The ascent to the seventh heaven was not incidental to the Torah Moses received. It was preparatory. You cannot transmit the law of creation to a people without first understanding what creation is held inside of. Moses saw the Hayyot and then descended with the tablets. He understood what the law was for because he had seen what it was intended to order.

Why the Serpent Went Looking for Moses

There is a thread of tradition in the Legends of the Jews that runs alongside the ascent narrative in revealing counterpoint. After Eden, the serpent searched all of creation for Moses, interrogating the Tree of Knowledge, the stars, and the deep in turn. None of them could locate him. Moses had not yet been born.

The rabbis read this as a cosmological statement about what Moses represented. Every other human being was susceptible to the serpent's approach: the quiet suggestion that God's instructions might be interpreted more flexibly than stated. Moses was the one human being for whom that technique would not work. The serpent recognized this before Moses's parents did and went looking for him as a threat to be eliminated.
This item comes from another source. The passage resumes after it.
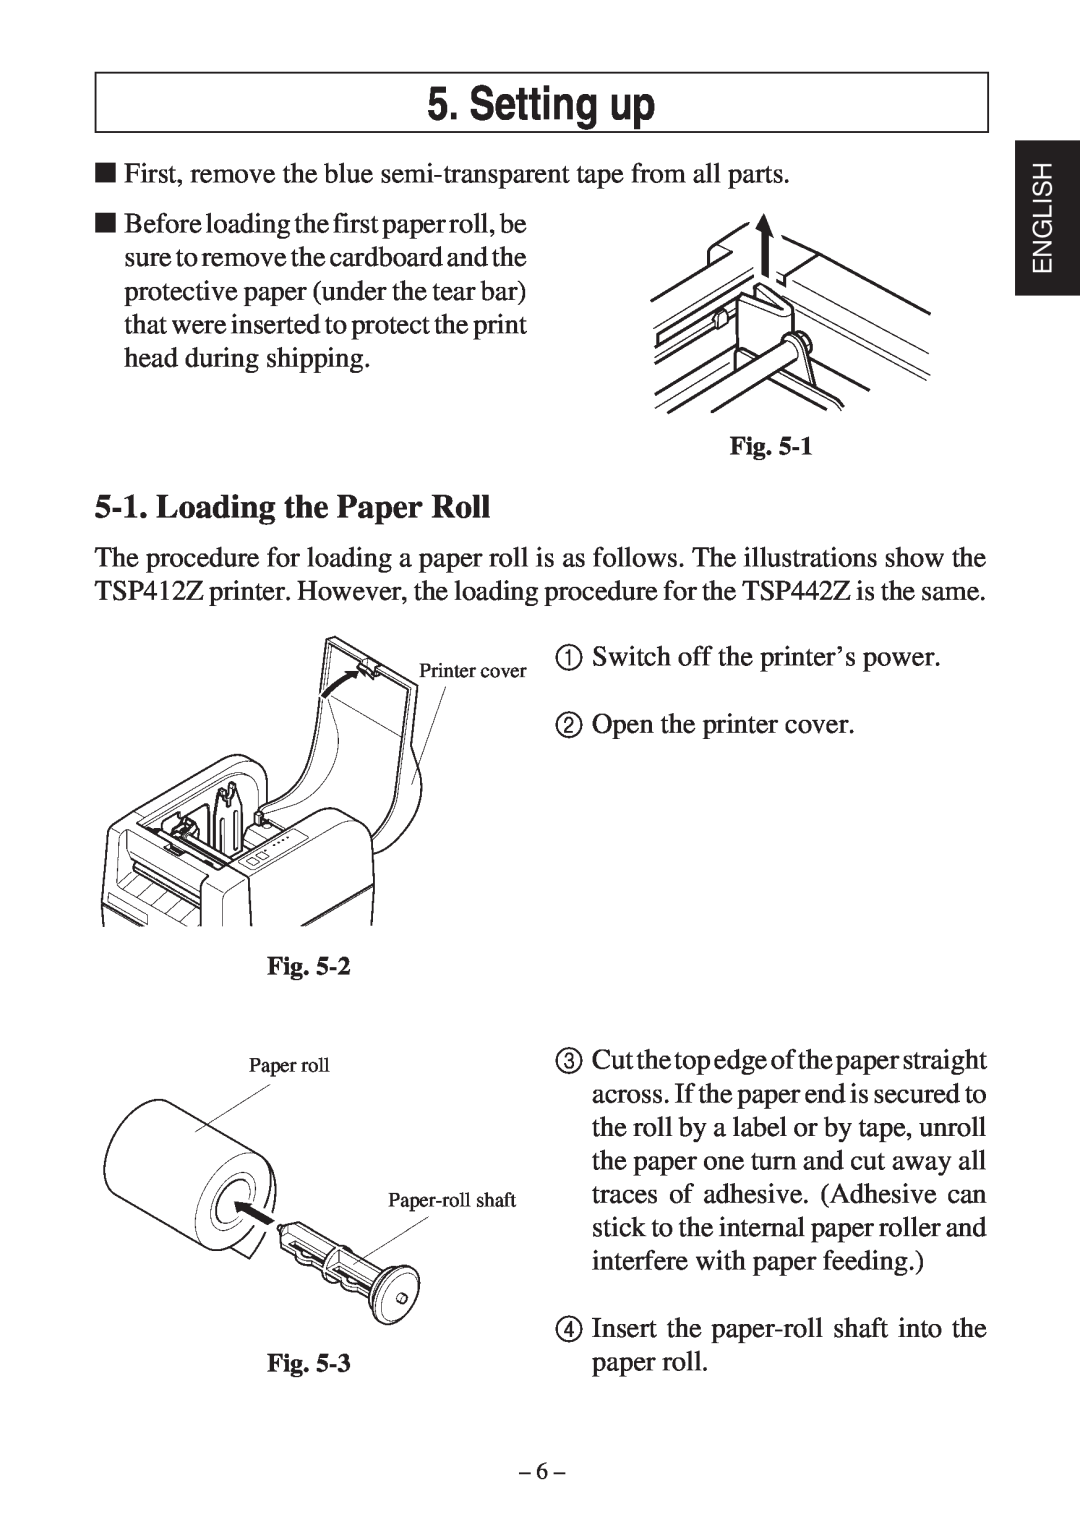 Star Micronics TSP400Z Series user manual Setting up, Loading the Paper Roll

The serpent and Moses were both navigating the same cosmic architecture. One was moving through it from the bottom trying to find and destroy a particular soul. The other was moving through it from the top, receiving the Torah in the seventh heaven and bringing it back down. They were heading in opposite directions on the same map.

What the Creatures Teach

Exodus Rabbah, the fifth-century Midrash on the book of Exodus, records a disturbing incident on the road after Moses received his mission at the burning bush: God sought to kill him (Exodus 4:24). The Talmud interprets this as a consequence of Moses neglecting to circumcise his son. The man entrusted with the covenant had failed to perform its most basic act. He was stopped by a serpent. His wife Zipporah circumcised the boy immediately and the serpent released him.

Moses, who had seen the creatures that hold up heaven, who had met Zagzagel and learned Torah in the seventh palace, was nearly destroyed on a roadside because of a domestic oversight. The tradition does not soften this. The man who crossed the firmament still had to manage the obligations of a body, a family, and a covenantal community. The creatures that hold up heaven are beyond such things. Moses was not. That is precisely why God chose him instead.